#### [Record set]
===
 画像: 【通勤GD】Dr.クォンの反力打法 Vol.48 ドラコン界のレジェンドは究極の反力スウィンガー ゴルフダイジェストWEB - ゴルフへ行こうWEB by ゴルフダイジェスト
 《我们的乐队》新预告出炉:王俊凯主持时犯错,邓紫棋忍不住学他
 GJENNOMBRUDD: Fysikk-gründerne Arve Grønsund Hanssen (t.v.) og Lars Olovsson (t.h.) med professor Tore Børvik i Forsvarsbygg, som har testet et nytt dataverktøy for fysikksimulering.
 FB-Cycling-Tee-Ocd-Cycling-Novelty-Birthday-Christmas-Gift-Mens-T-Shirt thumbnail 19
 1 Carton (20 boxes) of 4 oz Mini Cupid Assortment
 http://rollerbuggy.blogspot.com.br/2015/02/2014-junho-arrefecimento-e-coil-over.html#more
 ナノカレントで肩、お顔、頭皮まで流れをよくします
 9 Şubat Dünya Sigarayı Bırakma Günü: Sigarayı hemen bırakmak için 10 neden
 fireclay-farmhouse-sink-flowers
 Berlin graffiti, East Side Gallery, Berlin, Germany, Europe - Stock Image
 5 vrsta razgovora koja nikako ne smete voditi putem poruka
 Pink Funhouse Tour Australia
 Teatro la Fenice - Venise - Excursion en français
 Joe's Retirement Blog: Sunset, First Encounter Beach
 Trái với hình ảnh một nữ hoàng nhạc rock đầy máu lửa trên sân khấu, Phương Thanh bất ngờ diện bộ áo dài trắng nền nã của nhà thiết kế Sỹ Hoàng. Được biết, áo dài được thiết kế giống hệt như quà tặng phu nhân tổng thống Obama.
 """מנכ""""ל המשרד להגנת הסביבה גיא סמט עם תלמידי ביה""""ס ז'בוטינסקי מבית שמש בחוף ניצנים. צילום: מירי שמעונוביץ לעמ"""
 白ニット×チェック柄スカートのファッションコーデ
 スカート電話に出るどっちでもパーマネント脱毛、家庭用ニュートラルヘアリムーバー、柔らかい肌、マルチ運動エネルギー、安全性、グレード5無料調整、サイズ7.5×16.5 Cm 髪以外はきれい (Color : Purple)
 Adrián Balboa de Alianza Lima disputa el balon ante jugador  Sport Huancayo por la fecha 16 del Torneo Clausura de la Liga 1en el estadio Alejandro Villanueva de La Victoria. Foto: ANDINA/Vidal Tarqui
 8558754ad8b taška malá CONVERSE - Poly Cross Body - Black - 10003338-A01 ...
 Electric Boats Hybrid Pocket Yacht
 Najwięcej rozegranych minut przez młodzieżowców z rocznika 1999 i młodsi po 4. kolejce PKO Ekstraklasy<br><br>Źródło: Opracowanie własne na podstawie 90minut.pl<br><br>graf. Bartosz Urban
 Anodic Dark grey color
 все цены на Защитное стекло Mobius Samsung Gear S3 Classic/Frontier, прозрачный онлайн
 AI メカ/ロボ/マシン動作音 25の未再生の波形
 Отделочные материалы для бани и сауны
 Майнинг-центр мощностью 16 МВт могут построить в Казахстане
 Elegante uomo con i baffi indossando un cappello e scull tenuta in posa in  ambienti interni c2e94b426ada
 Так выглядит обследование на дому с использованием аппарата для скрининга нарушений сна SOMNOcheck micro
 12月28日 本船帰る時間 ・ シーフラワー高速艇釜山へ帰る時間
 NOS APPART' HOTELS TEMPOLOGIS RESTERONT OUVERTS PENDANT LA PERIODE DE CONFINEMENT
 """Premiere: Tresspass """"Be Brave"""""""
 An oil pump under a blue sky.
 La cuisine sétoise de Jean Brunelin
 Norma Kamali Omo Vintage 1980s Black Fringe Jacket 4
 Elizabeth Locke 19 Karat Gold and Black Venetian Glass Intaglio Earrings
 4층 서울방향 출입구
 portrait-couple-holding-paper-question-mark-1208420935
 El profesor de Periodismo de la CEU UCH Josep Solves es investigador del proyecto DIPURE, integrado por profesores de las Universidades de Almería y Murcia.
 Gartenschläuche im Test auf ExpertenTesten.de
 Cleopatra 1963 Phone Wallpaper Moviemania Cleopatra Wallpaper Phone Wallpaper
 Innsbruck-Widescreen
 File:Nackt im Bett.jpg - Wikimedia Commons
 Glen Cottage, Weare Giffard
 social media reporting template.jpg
===
#### [Work to be completed]
Where a line in the entries holds the word "Black", copy that line.

#### [Task result]
 8558754ad8b taška malá CONVERSE - Poly Cross Body - Black - 10003338-A01 ...
 Norma Kamali Omo Vintage 1980s Black Fringe Jacket 4
 Elizabeth Locke 19 Karat Gold and Black Venetian Glass Intaglio Earrings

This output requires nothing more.